** Provided material follows **

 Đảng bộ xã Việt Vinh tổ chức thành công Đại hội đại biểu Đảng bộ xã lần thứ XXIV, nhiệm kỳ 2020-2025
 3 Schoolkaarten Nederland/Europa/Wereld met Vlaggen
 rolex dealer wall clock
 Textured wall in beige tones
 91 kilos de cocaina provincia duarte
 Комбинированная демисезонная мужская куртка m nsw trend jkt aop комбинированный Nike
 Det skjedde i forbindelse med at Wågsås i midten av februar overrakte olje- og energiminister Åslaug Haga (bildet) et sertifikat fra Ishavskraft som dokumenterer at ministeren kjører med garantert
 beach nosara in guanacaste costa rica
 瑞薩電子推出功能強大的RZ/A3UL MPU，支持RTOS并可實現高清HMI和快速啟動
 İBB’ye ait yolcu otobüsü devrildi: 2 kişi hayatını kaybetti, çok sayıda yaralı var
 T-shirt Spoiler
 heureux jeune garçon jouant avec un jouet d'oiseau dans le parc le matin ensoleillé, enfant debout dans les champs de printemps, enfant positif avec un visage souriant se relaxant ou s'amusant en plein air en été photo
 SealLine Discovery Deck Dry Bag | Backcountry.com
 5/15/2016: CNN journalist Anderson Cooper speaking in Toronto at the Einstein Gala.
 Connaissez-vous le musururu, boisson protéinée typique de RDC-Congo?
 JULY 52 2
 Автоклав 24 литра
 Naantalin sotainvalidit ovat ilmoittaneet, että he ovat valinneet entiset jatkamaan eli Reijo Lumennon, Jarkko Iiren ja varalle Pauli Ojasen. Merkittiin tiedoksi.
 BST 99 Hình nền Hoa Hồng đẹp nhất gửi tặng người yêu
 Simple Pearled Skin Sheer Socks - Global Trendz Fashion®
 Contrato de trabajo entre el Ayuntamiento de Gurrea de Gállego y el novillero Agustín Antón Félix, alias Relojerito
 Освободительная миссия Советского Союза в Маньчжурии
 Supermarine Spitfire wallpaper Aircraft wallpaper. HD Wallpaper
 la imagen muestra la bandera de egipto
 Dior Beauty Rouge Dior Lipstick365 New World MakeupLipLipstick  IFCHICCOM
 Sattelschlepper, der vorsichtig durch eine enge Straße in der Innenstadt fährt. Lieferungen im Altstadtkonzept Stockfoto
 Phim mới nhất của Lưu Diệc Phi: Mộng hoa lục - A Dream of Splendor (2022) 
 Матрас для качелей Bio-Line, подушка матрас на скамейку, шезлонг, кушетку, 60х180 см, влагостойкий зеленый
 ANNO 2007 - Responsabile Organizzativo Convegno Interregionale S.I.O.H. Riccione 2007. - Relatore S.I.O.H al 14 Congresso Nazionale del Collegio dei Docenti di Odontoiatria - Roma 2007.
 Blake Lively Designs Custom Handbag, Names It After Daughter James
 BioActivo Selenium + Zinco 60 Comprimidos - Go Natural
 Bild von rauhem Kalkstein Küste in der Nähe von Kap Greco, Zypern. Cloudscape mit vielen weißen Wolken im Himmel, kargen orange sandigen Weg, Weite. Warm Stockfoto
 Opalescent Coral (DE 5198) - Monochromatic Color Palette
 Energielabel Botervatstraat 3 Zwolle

** End of Provided material **

* [Exercise] Lines to set down from above: the line with "heureux jeune garçon", the line with "Sattelschlepper, der vorsichtig", and every line between, each exactly as written.

* [Task solution]
 heureux jeune garçon jouant avec un jouet d'oiseau dans le parc le matin ensoleillé, enfant debout dans les champs de printemps, enfant positif avec un visage souriant se relaxant ou s'amusant en plein air en été photo
 SealLine Discovery Deck Dry Bag | Backcountry.com
 5/15/2016: CNN journalist Anderson Cooper speaking in Toronto at the Einstein Gala.
 Connaissez-vous le musururu, boisson protéinée typique de RDC-Congo?
 JULY 52 2
 Автоклав 24 литра
 Naantalin sotainvalidit ovat ilmoittaneet, että he ovat valinneet entiset jatkamaan eli Reijo Lumennon, Jarkko Iiren ja varalle Pauli Ojasen. Merkittiin tiedoksi.
 BST 99 Hình nền Hoa Hồng đẹp nhất gửi tặng người yêu
 Simple Pearled Skin Sheer Socks - Global Trendz Fashion®
 Contrato de trabajo entre el Ayuntamiento de Gurrea de Gállego y el novillero Agustín Antón Félix, alias Relojerito
 Освободительная миссия Советского Союза в Маньчжурии
 Supermarine Spitfire wallpaper Aircraft wallpaper. HD Wallpaper
 la imagen muestra la bandera de egipto
 Dior Beauty Rouge Dior Lipstick365 New World MakeupLipLipstick  IFCHICCOM
 Sattelschlepper, der vorsichtig durch eine enge Straße in der Innenstadt fährt. Lieferungen im Altstadtkonzept Stockfoto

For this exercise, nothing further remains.